Generally, the concentrations of selected elements were very low and remained below the limit values of acute toxicity to aquatic life (US EPA 2017). The highest concentrations were observed at the beginning of the experiment, but the levels decreased rapidly to a lower level after the start-up. A stabilization period can therefore be recommended for this type of process before introducing the raised species. The results suggest that the studied elements did not accumulate in the system or in the fish flesh. This is of great importance because none of the trace elements must pose a risk to the raised species or to fish consumers.

Conclusions

The aim of this experiment was to study the potential risks of reusing RAS outflow water treated with a woodchip bioreactor and sand filter.

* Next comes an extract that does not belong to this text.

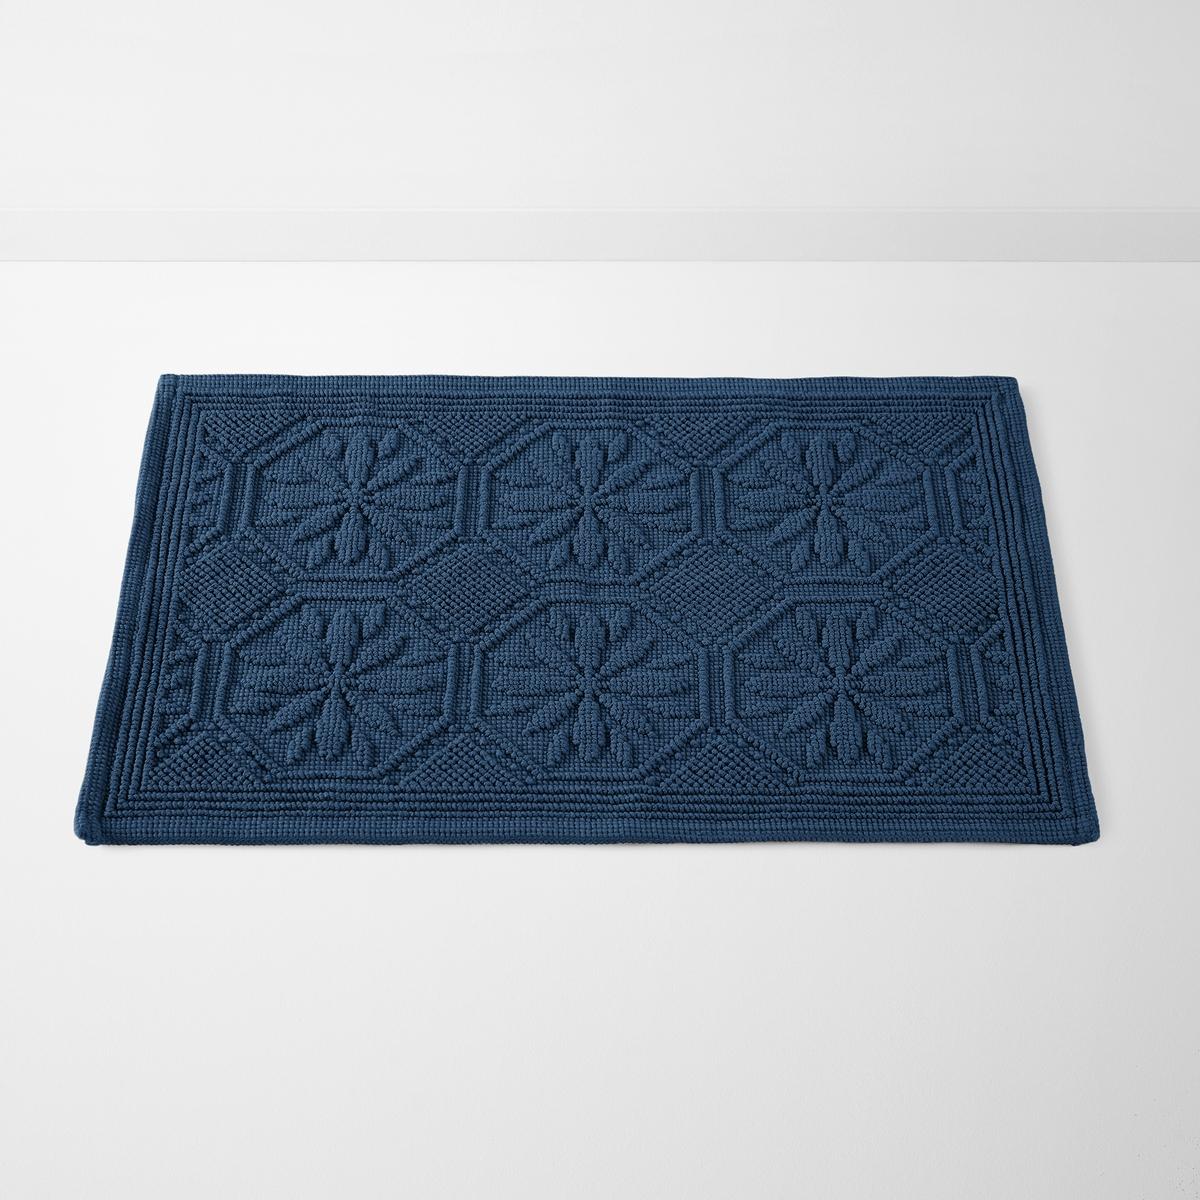 Коврик La Redoute Для ванной хлопок SALERNES 50 x 70 см синий коврик для ванной доляна собака 3105610 бежевый 50 х 70 см

This was a follow-up study to determine the long-term nitrate removal rate and if any adverse effects occurred in terms of water or fish quality. The results showed that high NO3-N removal and denitrification efficiency were achieved in woodchip denitrification, followed by a slow sand filtration of an experimental RAS. The chemical analyses showed that harmful compounds or elements did not accumulate in the system, although higher concentrations were detected at the beginning of the experiment. This highlights the importance of a sufficient flushing period for the woodchip bioreactor before the start-up of the system when aiming for water reuse. The accumulation of trace elements in fish was also studied. Very low concentrations of Cu, Mn, and Ni were detected. They were even lower in the side-looped systems than in the controls, suggesting that these concentrations may have originated from sources other than the woodchips. Additionally, the concentrations of off-flavors (GSM and MIB) were studied in the circulating water and fish flesh. Significantly higher (p<0.05) concentrations of GSM were detected in the fish flesh of the controls than in the side-looped systems, but this was not observed in the case of MIB. According to our knowledge, this was the first trial to directly study the effect of woodchip-based denitrification on the formation of off-flavors. However, the confirmation of a significant difference and a deeper understanding of the phenomenon require further study.